The technique as presented may also be limited by biological factors, such as variability in expression of the cytokeratin masking epitope. This might be of particular concern in those cancers, including ovarian and breast cancer, which undergo epithelial-to-mesenchymal transition (EMT) or are enriched for non-epithelial components or stem cells16, as has recently been shown to occur in chemotherapy-treated ovarian cancer in vitro17, and in breast cancer patients in response to therapy18. This limitation may be overcome using alternative masking antibodies (or cocktails of antibodies), such as cytokeratin plus vimentin, which is upregulated in EMT16. In addition, since other components of the tissue (the microenvironment), such as fibroblasts or vascular endothelial cells are also increasingly being targeted by biological therapies, the technique may also be expanded to to score these components, using specific masks for compartments of interest, such as PECAM/ CD31 to stain for vascular endothelial cells.
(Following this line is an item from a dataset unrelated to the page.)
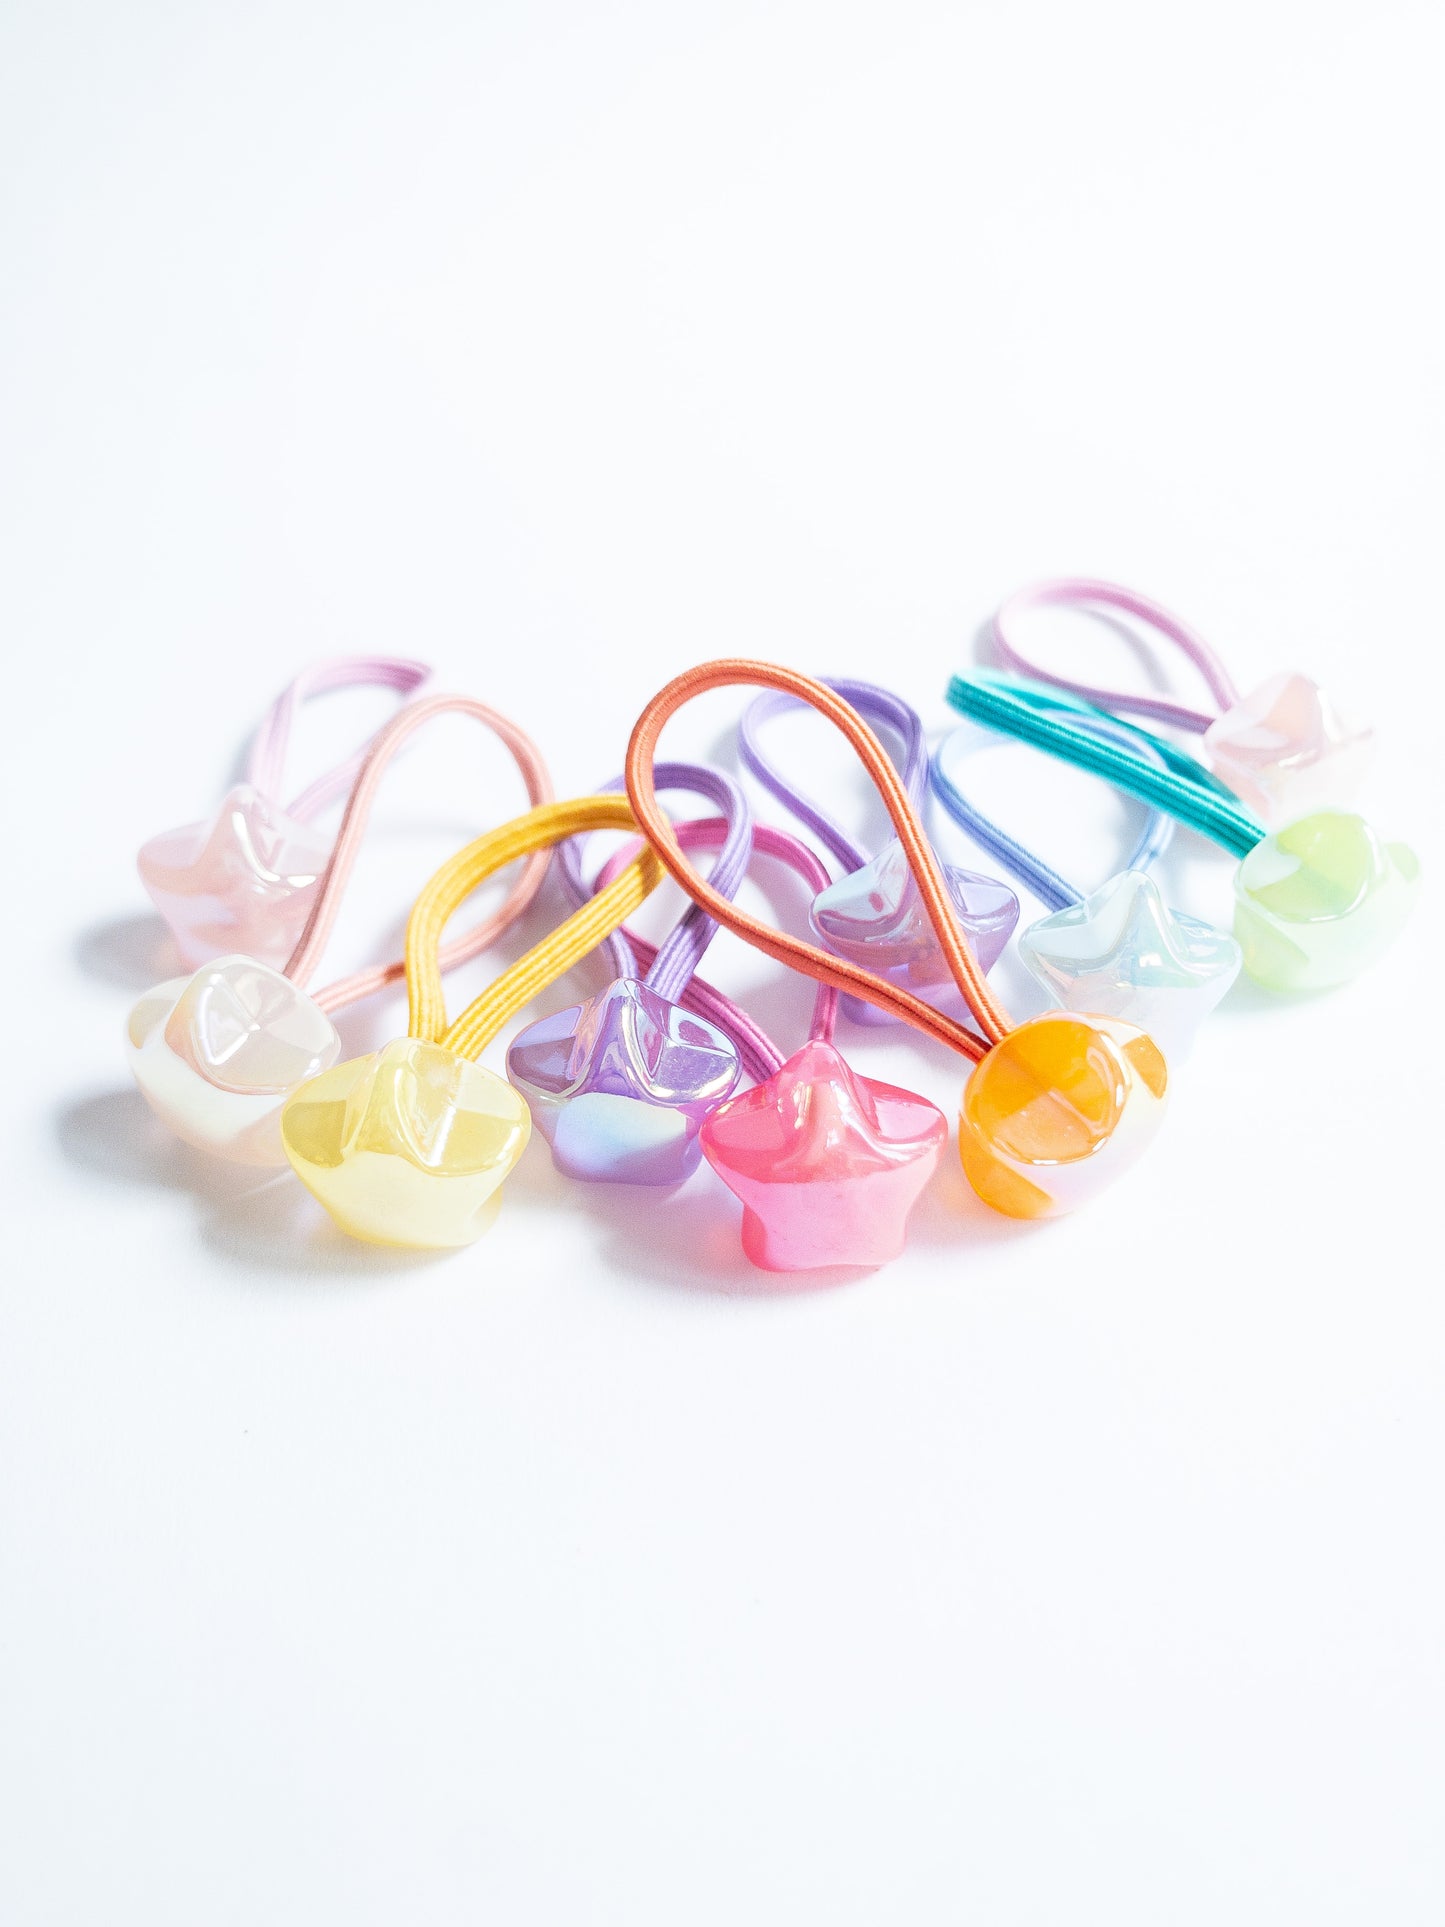 Dreamy, iridescent bubble star hair ties! These pearly hair ties glisten and gleam in candy taffy colors. They're strong enough to hold hairstyles and cute enough to wear them all at once. Each set contains 10 hair ties.

Although the adaptation of the Simpson's index has been used as a measure of heterogeneity in the current protocol due to its simplicity, other measures of heterogeneity could be used, such as simple measurements of central tendency (mean, variance, median, etc). Additionally, the Simpson's index calculations could be modified to better suit a particular test population. The use of Z-score transformations allows the scoring to be more applicable for multiple markers since the heterogeneity is based on deviation around the mean for a data set. However, the overall range of scoring can be limited in this type of transformation. Some designs may be better suited to simply bin the actual AQUA scores for all samples of a particular marker set. The selection of the number of bins and cutoffs is also a limitation in the range of values which can result and may be optimized for alternative experimental designs.
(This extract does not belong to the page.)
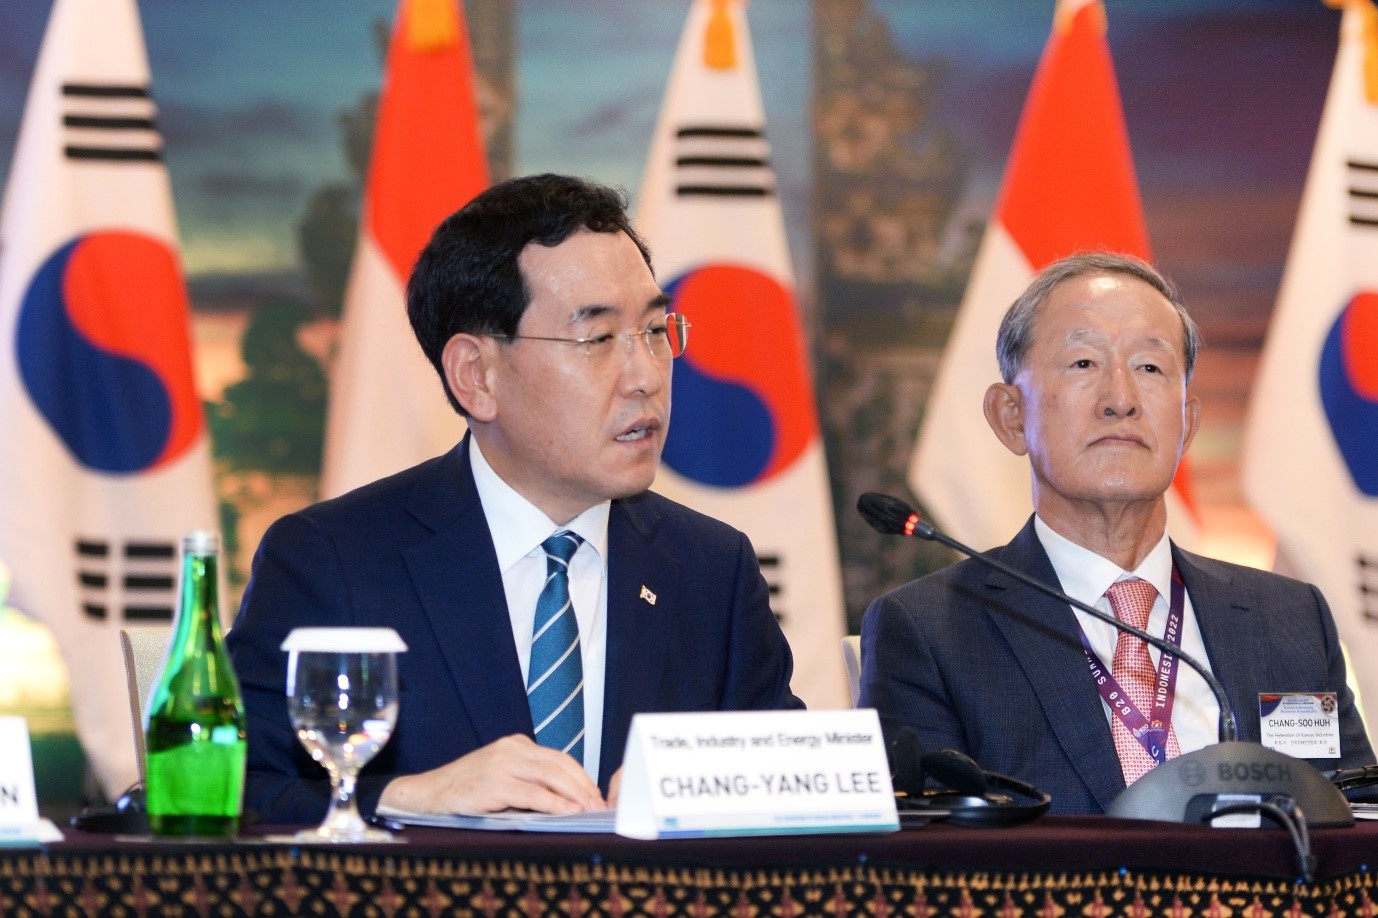 Minister attends Korea-Indonesia Business Roundtable on sidelines of G20 Image 0

We have used ER and HER2 in the current study as candidate biomarkers, since they are already used in the clinic, help answer relevant clinical questions with respect to the efficacy of targeted therapies, and are known to exhibit considerable heterogeneity and change in primary and distant disease19. However, the optimal marker of heterogeneity remains to be determined. Other possibilities might include cytogenetic markers of clonality, such as those previously used in interphase FISH studies20. The approach requires further validation in large, well annotated clinical cohorts or clinical trials in order to further establish the relevance of this parameter in cancer biology.